- _PROBLEM STATEMENT_
Whenever a line in the entries below includes the string "Garden", count that line. Report the total alone.
DATASET START
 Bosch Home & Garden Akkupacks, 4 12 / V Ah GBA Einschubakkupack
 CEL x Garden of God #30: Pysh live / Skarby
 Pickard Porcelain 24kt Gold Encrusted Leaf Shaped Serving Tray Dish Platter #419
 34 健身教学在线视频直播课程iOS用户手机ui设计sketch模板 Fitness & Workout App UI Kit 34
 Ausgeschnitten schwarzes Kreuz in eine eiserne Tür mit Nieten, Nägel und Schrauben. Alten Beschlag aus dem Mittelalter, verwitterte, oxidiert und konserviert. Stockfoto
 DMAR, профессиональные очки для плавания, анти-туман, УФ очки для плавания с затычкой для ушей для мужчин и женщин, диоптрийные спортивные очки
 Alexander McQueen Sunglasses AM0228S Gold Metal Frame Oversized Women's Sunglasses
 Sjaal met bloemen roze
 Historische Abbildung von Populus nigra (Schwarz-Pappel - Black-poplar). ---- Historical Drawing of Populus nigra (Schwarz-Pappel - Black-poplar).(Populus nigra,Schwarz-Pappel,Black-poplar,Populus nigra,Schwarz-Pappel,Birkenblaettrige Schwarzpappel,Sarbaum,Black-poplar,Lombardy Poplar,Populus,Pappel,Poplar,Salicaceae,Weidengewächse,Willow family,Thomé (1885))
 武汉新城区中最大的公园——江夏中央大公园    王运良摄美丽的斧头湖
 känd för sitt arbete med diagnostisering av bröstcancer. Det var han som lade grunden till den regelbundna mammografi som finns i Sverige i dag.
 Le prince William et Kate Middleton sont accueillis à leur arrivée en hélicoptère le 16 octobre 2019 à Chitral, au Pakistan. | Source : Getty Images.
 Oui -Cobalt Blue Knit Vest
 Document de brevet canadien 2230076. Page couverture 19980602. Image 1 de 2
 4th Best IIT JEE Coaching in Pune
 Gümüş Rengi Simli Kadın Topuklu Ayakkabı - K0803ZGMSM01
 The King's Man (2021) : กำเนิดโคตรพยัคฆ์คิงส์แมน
DATASET END
- _PROBLEM SOLUTION_
2